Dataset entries
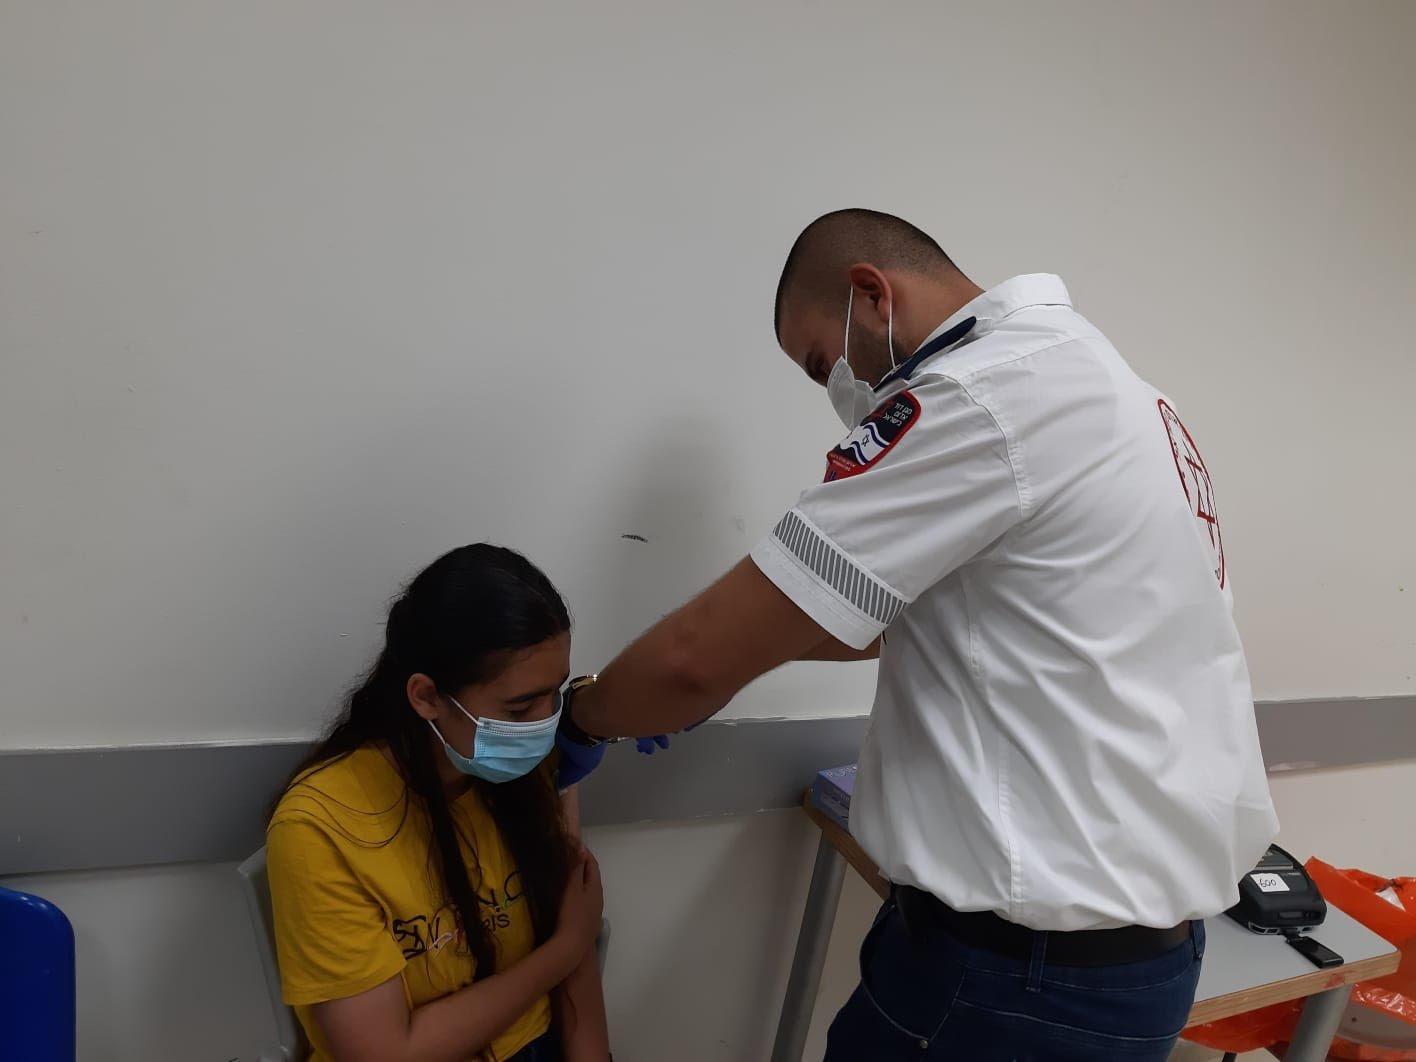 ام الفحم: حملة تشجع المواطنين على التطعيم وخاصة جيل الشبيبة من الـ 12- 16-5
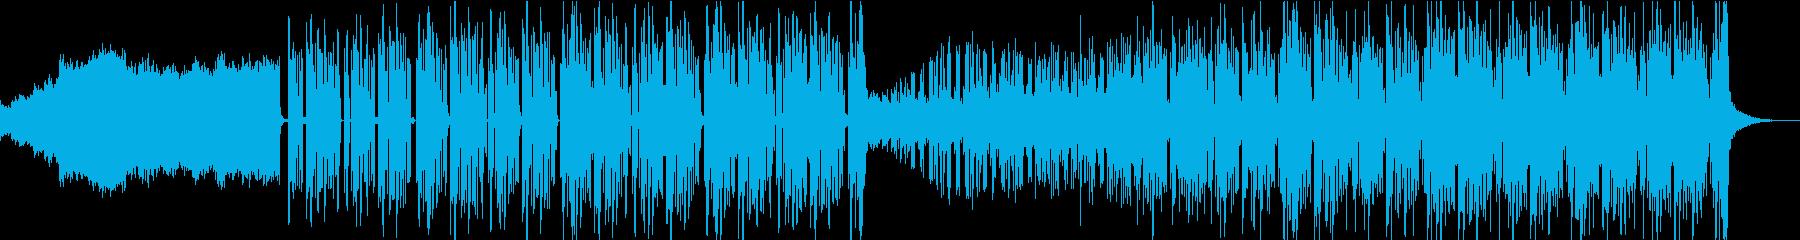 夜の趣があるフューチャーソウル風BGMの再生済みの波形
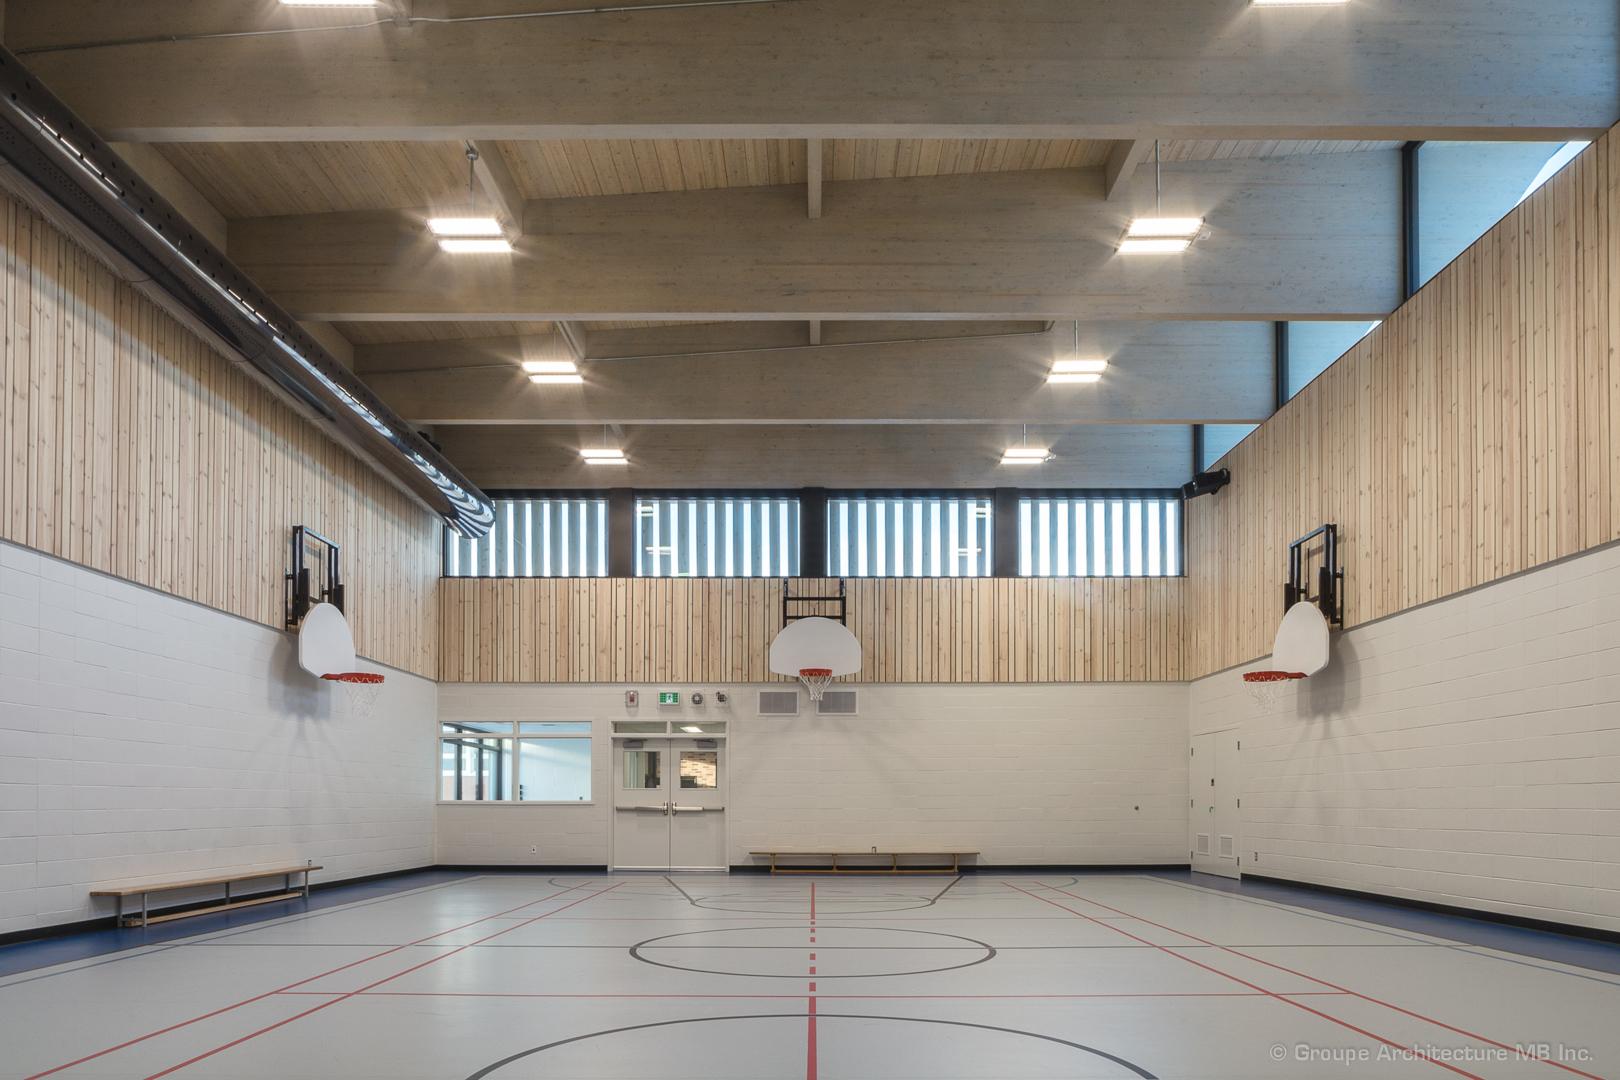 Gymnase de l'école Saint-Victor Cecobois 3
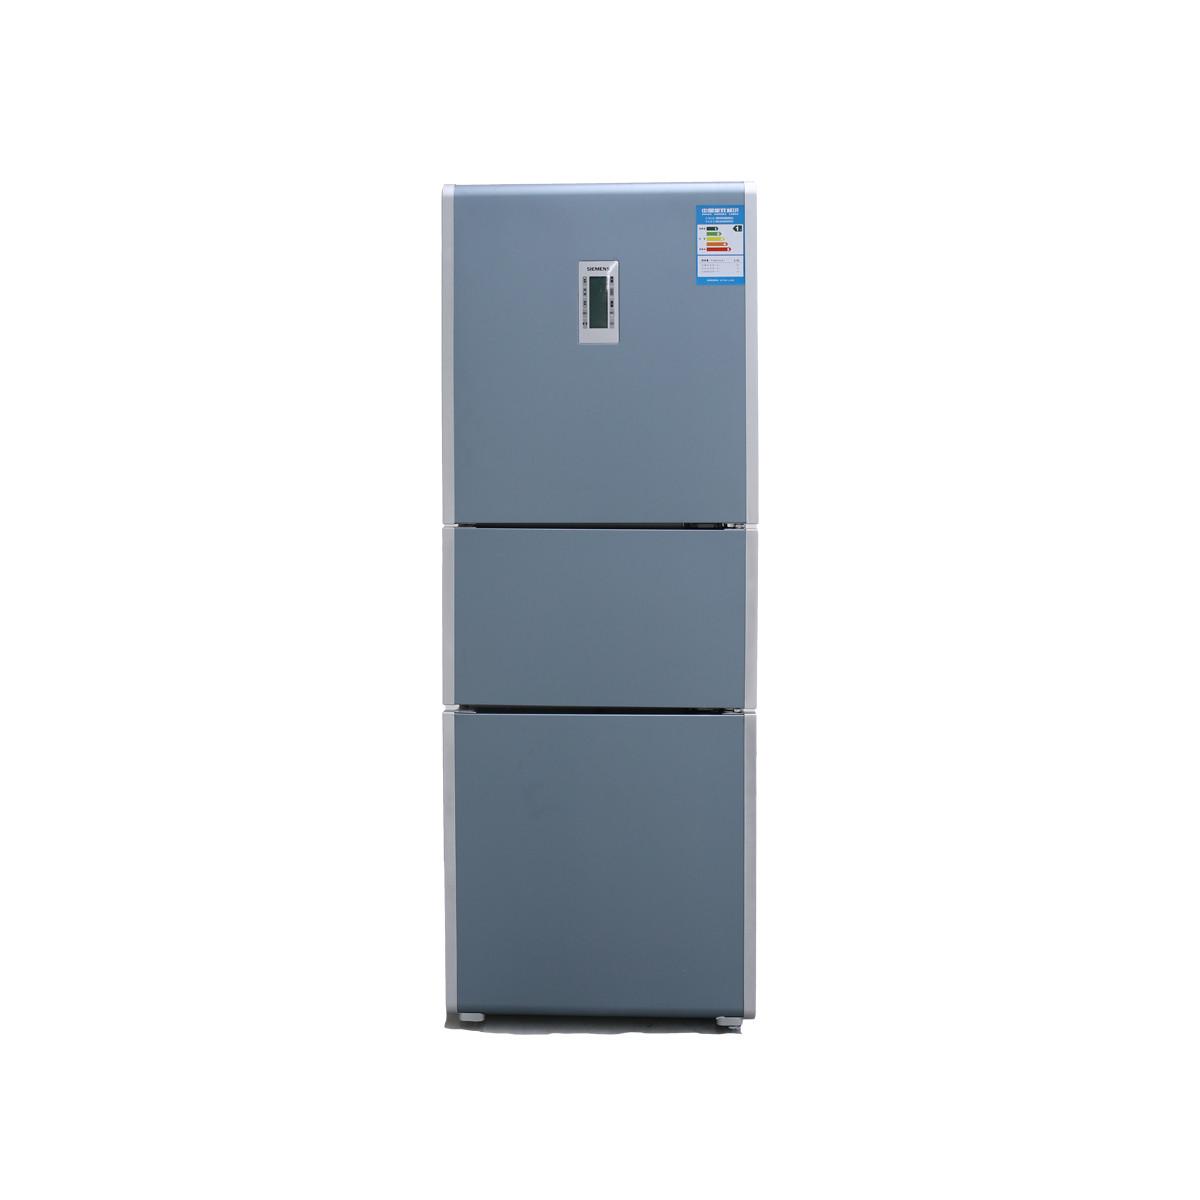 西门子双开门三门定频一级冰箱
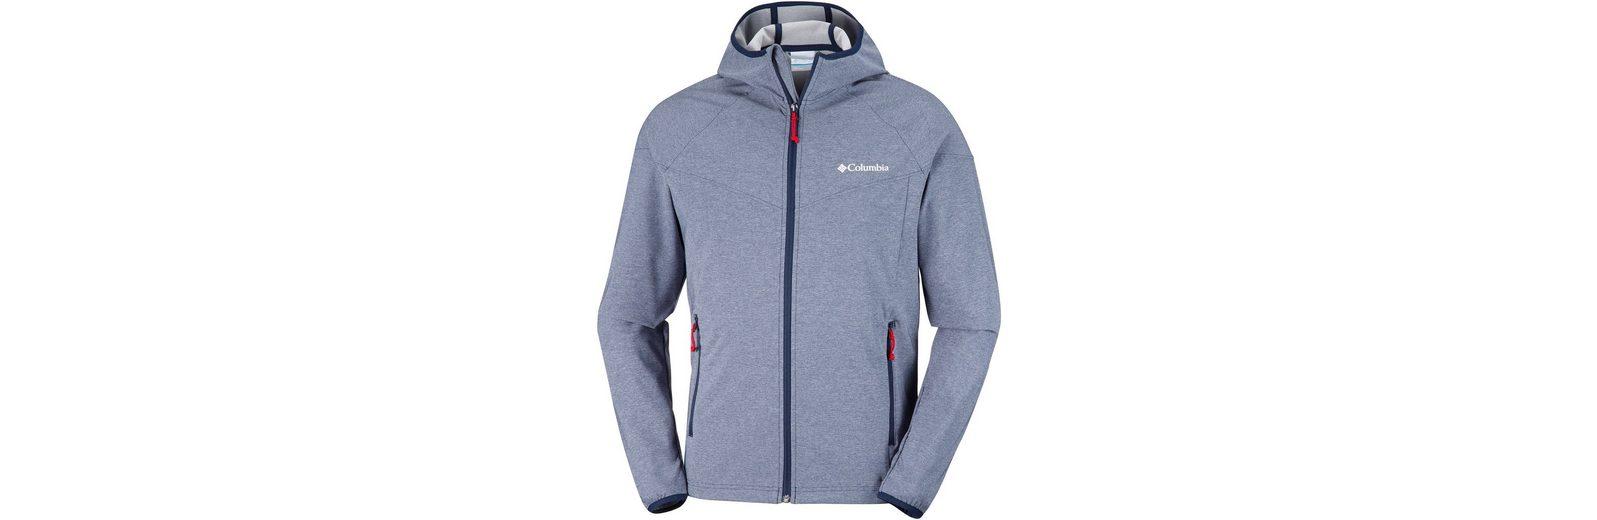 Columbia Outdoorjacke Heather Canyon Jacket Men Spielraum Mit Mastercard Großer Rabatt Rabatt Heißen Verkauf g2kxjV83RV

§ **Your task**: Return all the data above as written, leaving out only the pictures.

§ **Task output**:
 ام الفحم: حملة تشجع المواطنين على التطعيم وخاصة جيل الشبيبة من الـ 12- 16-5
 夜の趣があるフューチャーソウル風BGMの再生済みの波形
 Gymnase de l'école Saint-Victor Cecobois 3
 西门子双开门三门定频一级冰箱
 Columbia Outdoorjacke Heather Canyon Jacket Men Spielraum Mit Mastercard Großer Rabatt Rabatt Heißen Verkauf g2kxjV83RV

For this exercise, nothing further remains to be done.